O olhar da passageirinha
Wilson Correia
Tomo o executivo de Brasília para Goiânia. O carro é espaçoso e vou logo me aboletando no meu assento. Nem tiro os óculos escuros e começo a ler o jornal do dia. Respirar novos ares sempre me faz bem. Caio completo na leitura, fatalista, absorto.
Sem mais nem menos, minha concentração é cortada, abruptamente, pelo movimento de entrada no carro de um rapaz meio estouvado, medianamente vestido, com apenas uma gravata de trabalho a chamar a atenção. Caminha em direção à menina à minha direita.
Num piscar de olhos e ele se encosta diante dela, tinha lá seus 7, 8 anos de idade. O pai não senta, nem nada. Meio que estorva a passagem dos passageiros. O foco dele é a garota. Entrega algo para a filha e lhe diz, resoluto:
– Mês que vem você fica um final de semana inteiro com papai.
A menina responde:
– Humrum... humrum...
O modo como ela retorna ao pai puxa o meu olhar. Ela se sente colhida e, intermitentemente, me olha a devolver minha curiosidade.
O pai continua falando, desce o corpo à altura do dela, entrega-lhe um mimo qualquer e repete, enfático, mas parecendo contido em algum sentimento:
– Mês que vem nós iremos passear muito, viu filha.
O motorista gira a chave de ignição. O motor começa a roncar. O carro faz aquele barulho característico. Todos se preparam para a partida. O pai se apressa:
– Mês que vem, viu filha! Eu te amo tudo. Muito!

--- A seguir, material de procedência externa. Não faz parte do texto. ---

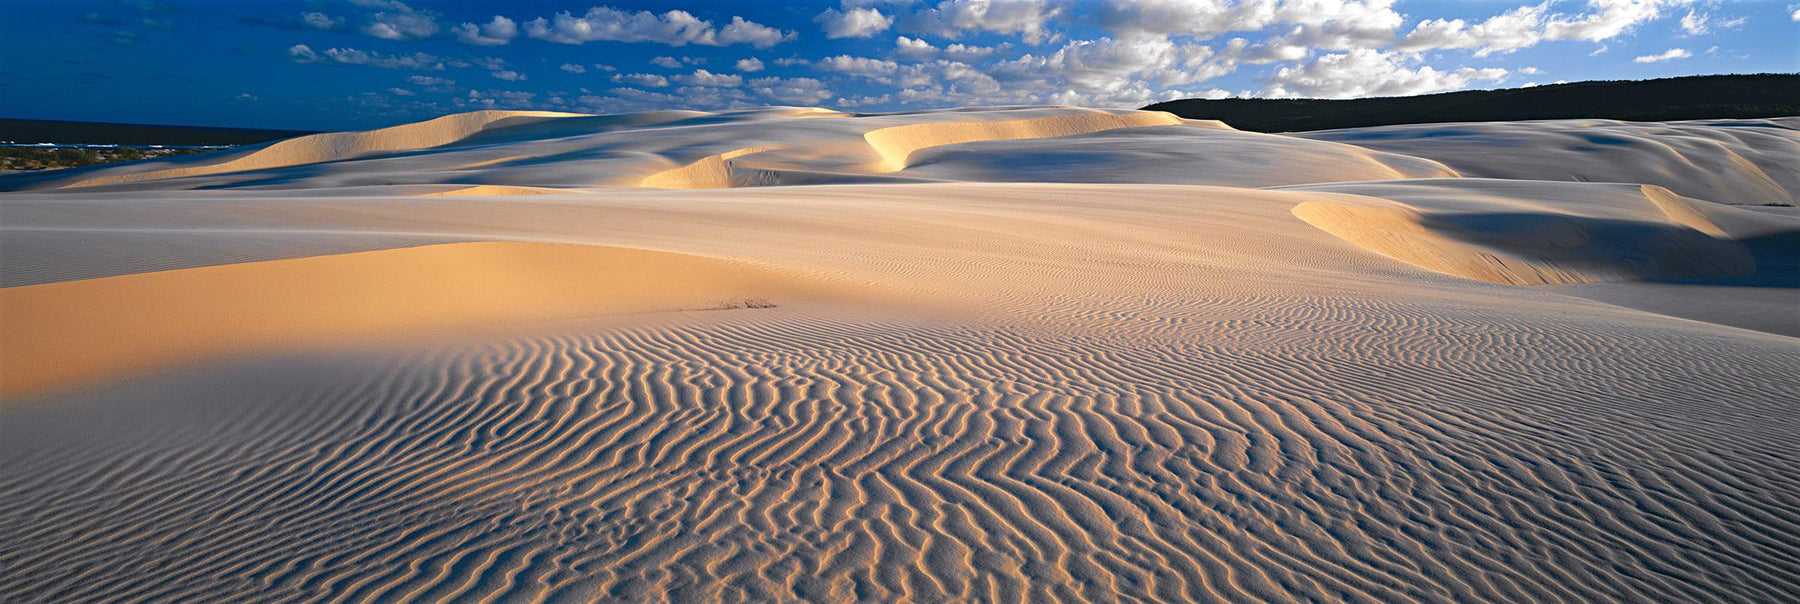 Sand dunes in front of a cloudy blue sky on Fraser Island Australia

A menina olha o pai e me olha em seguida. Às vezes demora um pouco mais em mim.
– Que será que ela pensa a meu respeito? – Não é hora de responder. Talvez eu fizesse o mesmo que ele está fazendo...
O pai desce as escadas do ônibus. De fora ainda manda beijos:
– Te amo!!! Te amo!!! Te amo!!!
Os olhos da menina pareciam uma lampadazinha de Natal. Aquilo me fez remexer na poltrona...
Do lado da menina estava uma jovem mulher, tímida e contida desde o início, como se sentisse não legitimada naquele lugar, encolhida como que com frio:
– Você conheceu a namorada do seu pai?
– Humrum...
– Ela é bonita?
– Humrum...
Sou forçado a ouvir porque, mesmo que eu não quisesse, escutaria aquilo tudo.
– Essa menina só sabe dizer “humrum”? – indago-me mentalmente.
– Não! – Respondo e acerto: e ela repete, como se a mãe não tivesse ouvido nada, nem estivesse ali:
– Meu pai disse que mês que vem eu fico todo o final de semana com ele. Vamos passear muito.
O olho da menina. Aquele olhar. Pureza brilhando? Olho de faminto ante o prato preferido? Aquela estrela que se destaca no céu quando o breu absoluto é tudo o que a noite pode nos oferecer? O olhar esporadicamente me fitando, indo e vindo, intermitente... Que olhar!
Fecho o jornal. Deixo de encontrar o olhar curioso da infante em minha direção. Coloco a mão na cabeça, mas me aqueço dentro do peito, ainda que na posição de estátua sentada numa poltrona:
– Ah se todo dia me fosse dado encontrar o brilho a ouro como o do olhar dessa menina! Puro, puríssimo, apenas misturando a força do orgulho e a certeza da esperança...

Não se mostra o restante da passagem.